All of those are key recommendations in the opioid commission’s interim report, including everything from equipping all law enforcement personnel with naloxone to MAT research partnerships between drug companies and the National Institutes of Health. The surgeon general’s report has mostly sat on a shelf for eight months.
In other words, potential solutions to at least slow down the crisis are available and known, but political will has been lacking.
The interim report’s focus on MAT contrasts with the administration’s top health official, HHS Secretary Tom Price, who offered skepticism of the practice on a listening tour in May. Joining the public health consensus, the commission leaned heavily into MAT, asking for funding for more access to treatment (only one in 10 opioid addicts are in some kind of drug-assisted program) and supplying all types of MAT at licensed facilities. “MAT has proven to reduce overdose deaths, retain persons in treatment, decrease use of heroin, reduce relapse, and prevent spread of infectious disease,” the report argues.
Spurred on by commission member and former Congressman Patrick Kennedy, D-R.I., the report also asks the secretary of labor to strongly enforce mental health parity laws, so insurers support substance abuse treatments as favorably as other ailments. The commission endorsed data sharing between state-based prescription drug monitoring programs. And it waded into a long-running controversy over Medicaid funding at specialized psychiatric or substance abuse treatment facilities with more than 16 beds. The commission wants immediate waivers to open these facilities to Medicaid patients.
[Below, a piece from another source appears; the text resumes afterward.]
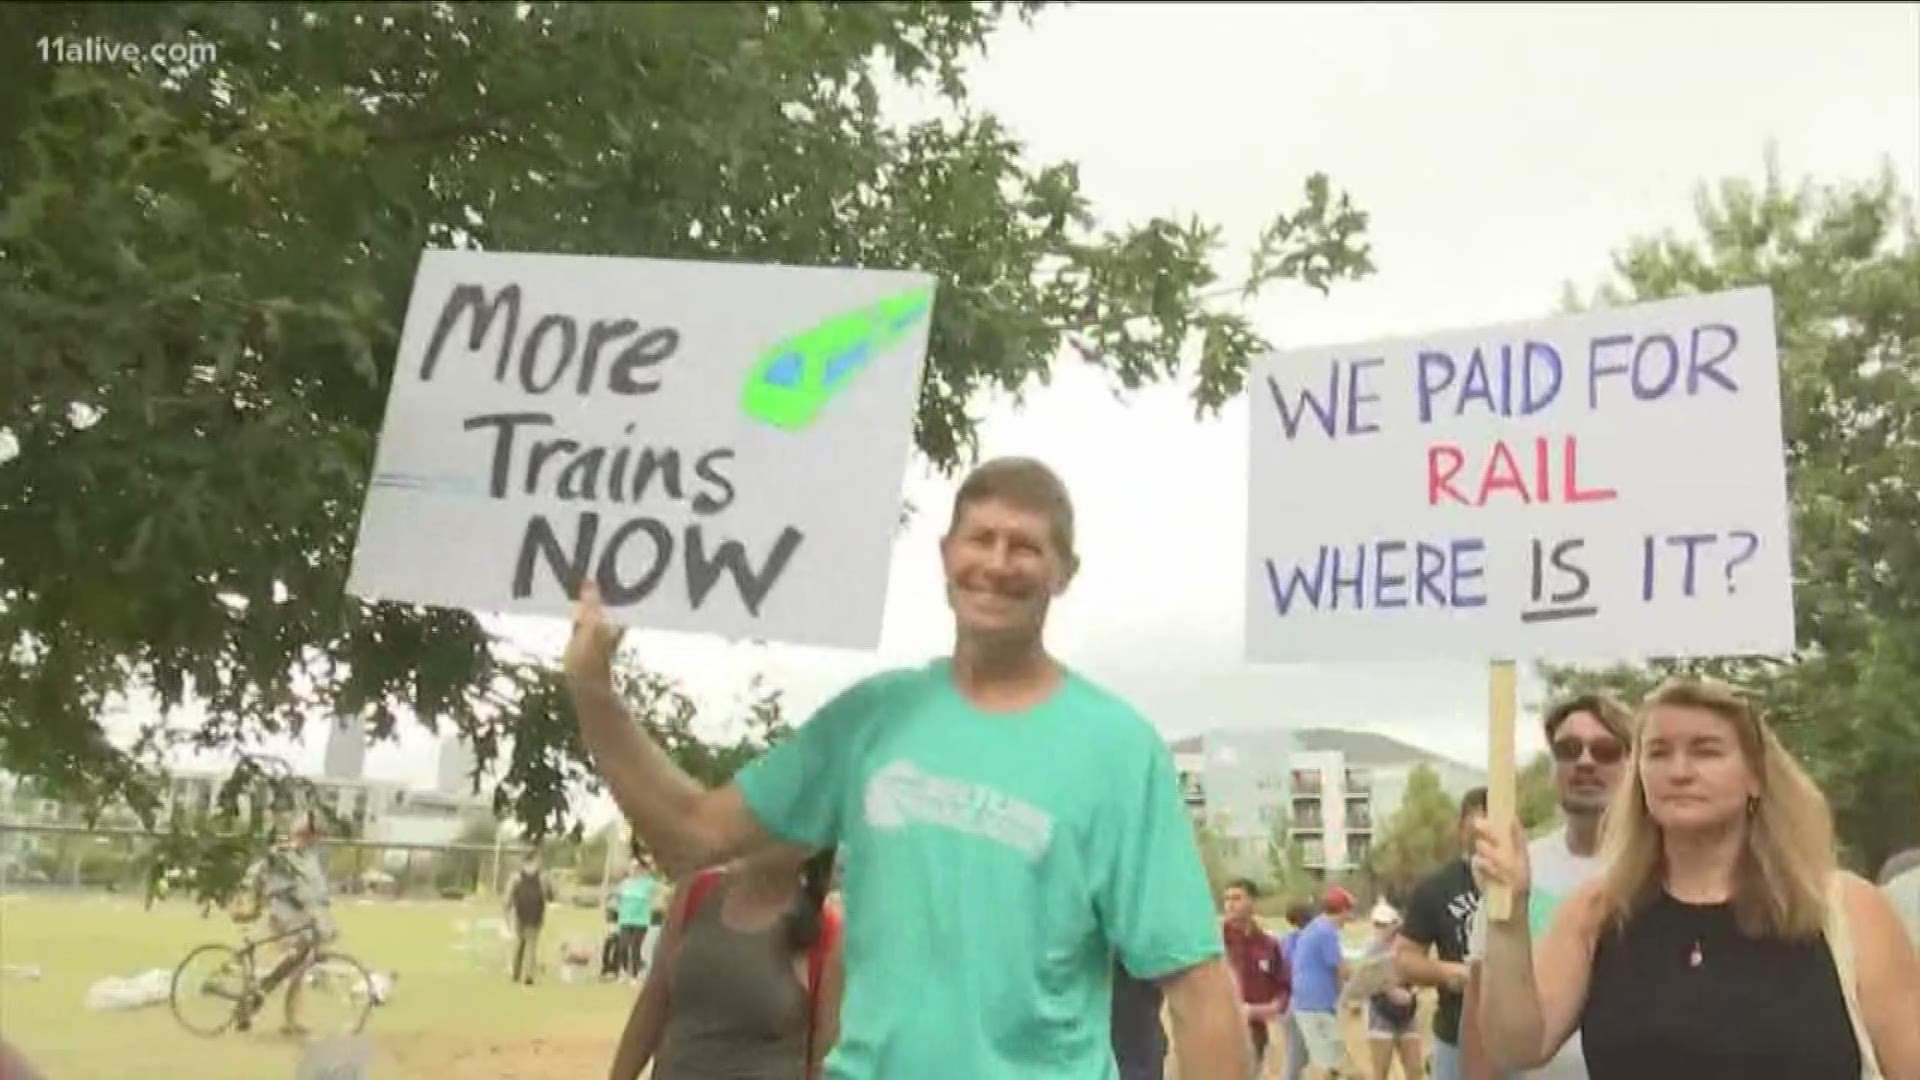 The group says a BeltLine train has been promised to ease traffic but they say the city has never made it happen.

Other recommendations hew closer to the traditional Republican focus on interdiction. The commission supported development of detection sensors for fentanyl, the deadly opioid that has grown in prominence recently, and a crackdown on entry of the drug from China. But they did not take the kind of punitive approach to addicts that characterizes the Justice Department’s current rhetoric. “Law enforcement knows we cannot arrest our way out of this problem,” said North Carolina Gov.Roy Cooper, a Democrat and commission member.
Meanwhile, the Trump administration’s high-profile efforts to roll back public health programs, while at the same time highlighting opioid sufferers in need, creates a troubling juxtaposition.
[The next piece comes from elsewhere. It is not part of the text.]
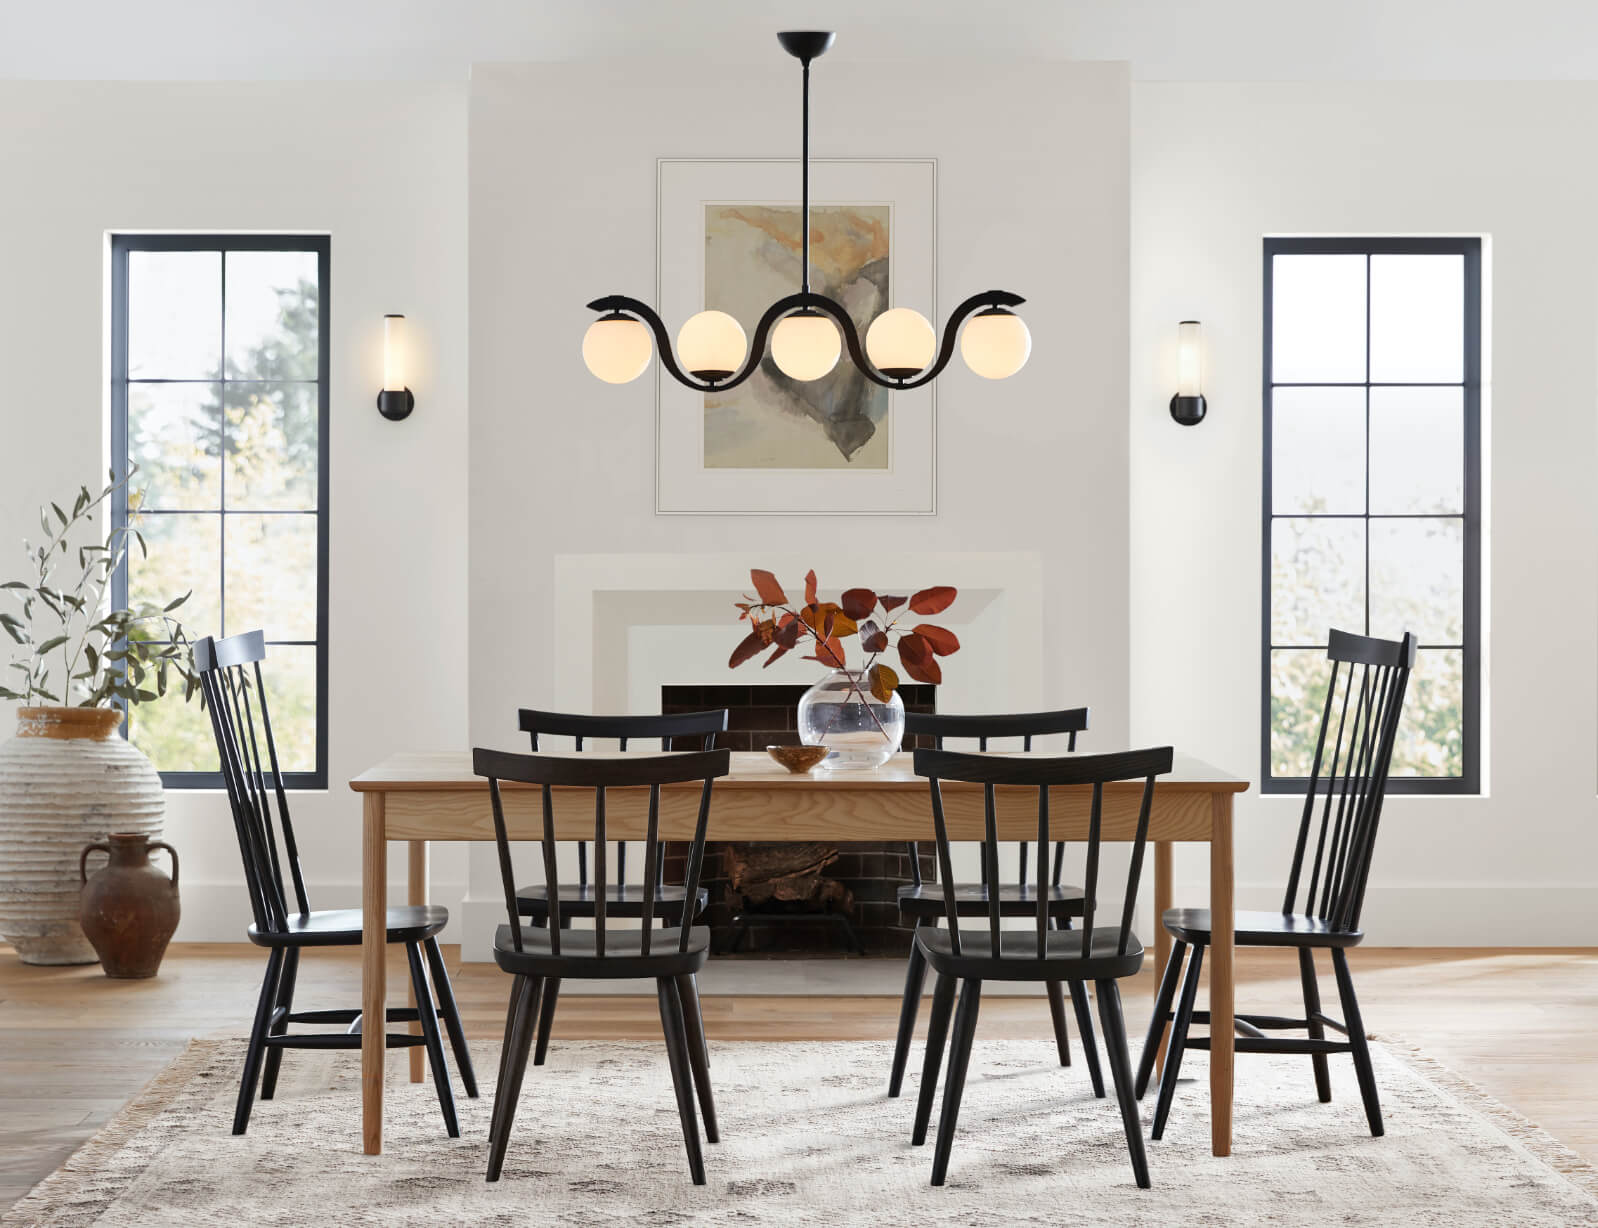 How To Choose Dining Room Lighting, How High Should A Light Be Above Dining Table

“The opioid crisis has become a shiny ornament,” said Harold Pollack, a professor in public health at the University of Chicago. “Everything else the administration is doing is making it harder to address the crisis.”
For example, the administration has proposed a whopping 95 percent reduction to the ONDCP’s budget. They’ve called for huge cuts to the NIH and the Centers for Disease Control, major partners in the fight against opioid abuse, as well as $400 million in reductions to the Substance Abuse and Mental Health Services Administration.
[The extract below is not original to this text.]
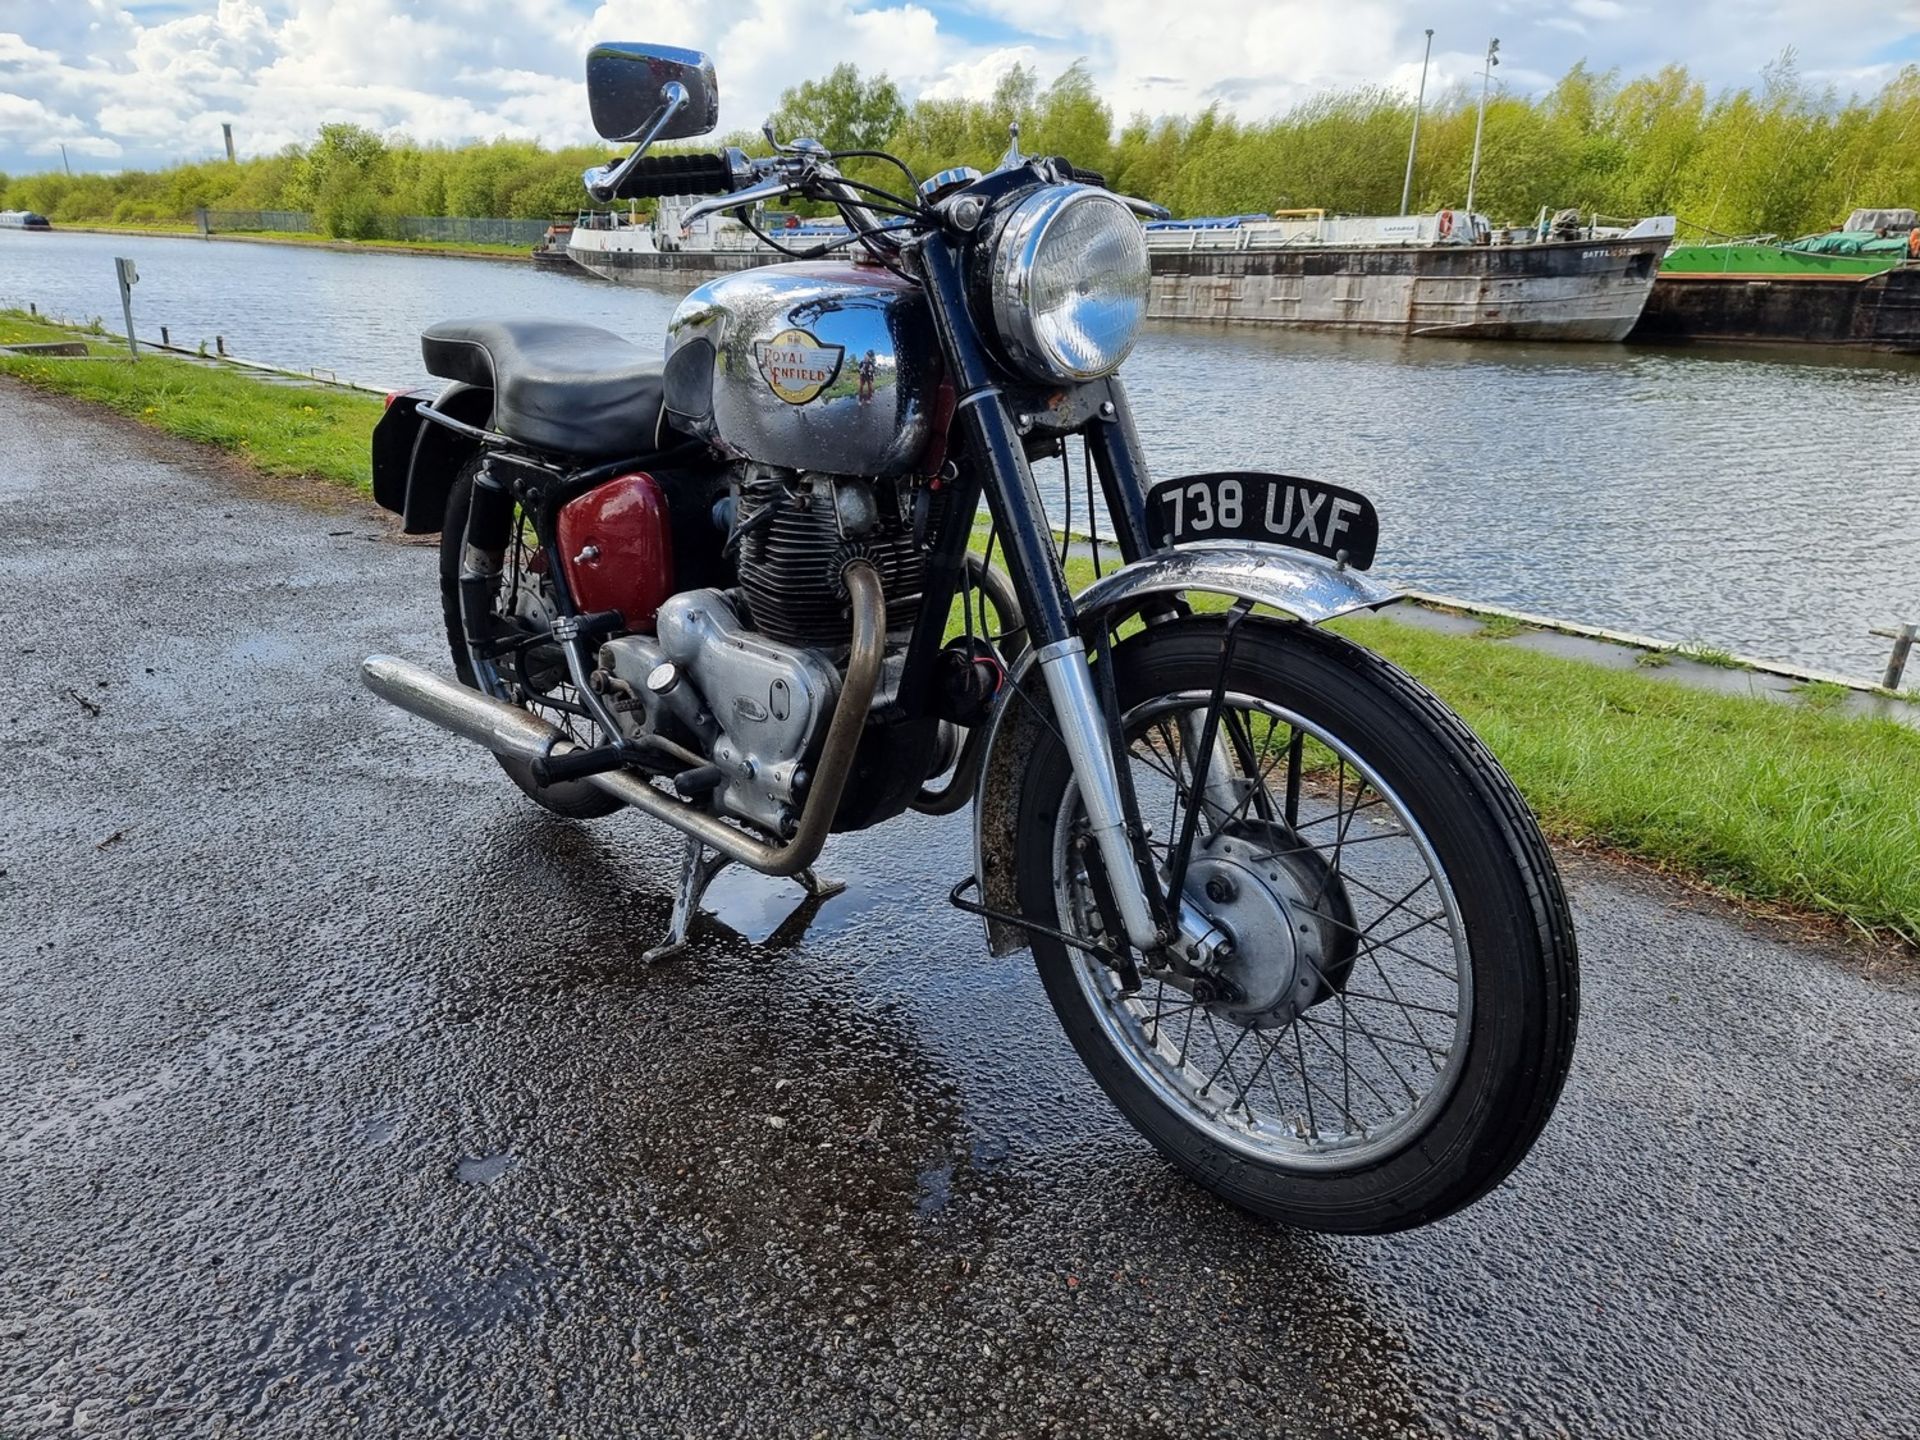 1958 Royal Enfield Constellation, 693 cc. Registration number 738 UXF (non transferrable). Frame - Image 15 of 16

Furthermore, Republicans spent several months trying to slash Medicaid, which pays for one in four prescriptions for addiction treatments like buprenorphine, and as many as one in two in states like Ohio.
Despite the high profile of the commission, overall the Trump administration has done nothing of substance on the opioid crisis, failing to fill key appointments and delivering mostly talk. Meanwhile, Sen. Claire McCaskill, D-Mo., has undertaken an expansive investigation into the companies profiting from the opioid epidemic, including issuing subpoenas to leading drug companies and distributors and looking into company marketing. The commission had little to say about disrupting the supply of opioids and punishing companies who sell them, although Christie did point out that “in 2015 we prescribed enough opioids to have everyone in America fully medicated for three weeks.”
“The recommendations are good, but it’s so depressing that we can’t approach this in a stable environment where we’re methodically pursuing evidence-based policies all the time,” said Pollack.